→ **WORK REQUEST**
Using the records below, transcribe word for word the stretch from the line that contains "Farrier Ceramic Black" through the line that contains "дракон ke мыс", both end lines included, and nothing else.

[[ STORED DATA, beginning ]]

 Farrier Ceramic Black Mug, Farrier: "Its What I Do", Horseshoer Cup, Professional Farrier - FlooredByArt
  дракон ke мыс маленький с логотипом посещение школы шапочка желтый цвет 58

[[ STORED DATA, end ]]
[[ STORED DATA, beginning ]]

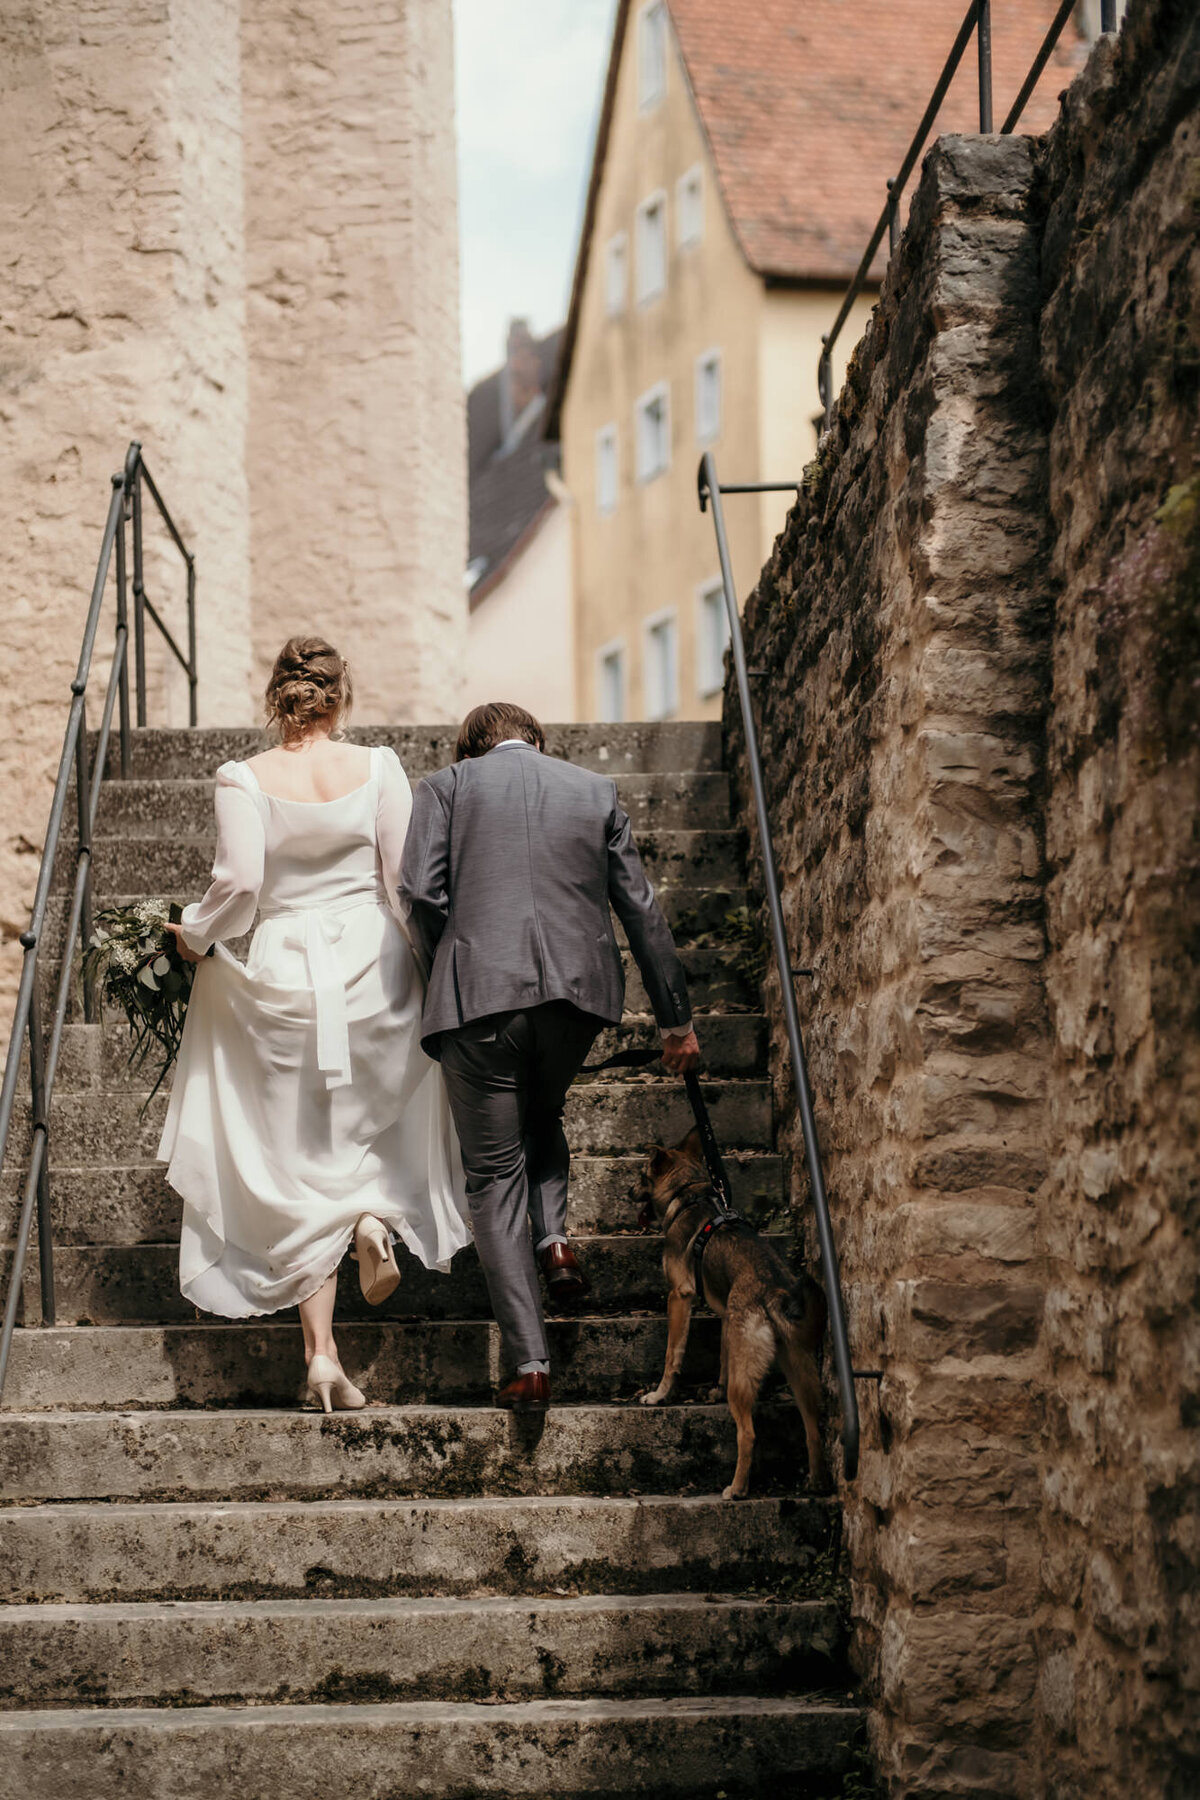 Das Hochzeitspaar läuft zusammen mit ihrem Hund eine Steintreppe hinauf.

[[ STORED DATA, end ]]

→ **TASK SOLUTION**
 Farrier Ceramic Black Mug, Farrier: "Its What I Do", Horseshoer Cup, Professional Farrier - FlooredByArt
  дракон ke мыс маленький с логотипом посещение школы шапочка желтый цвет 58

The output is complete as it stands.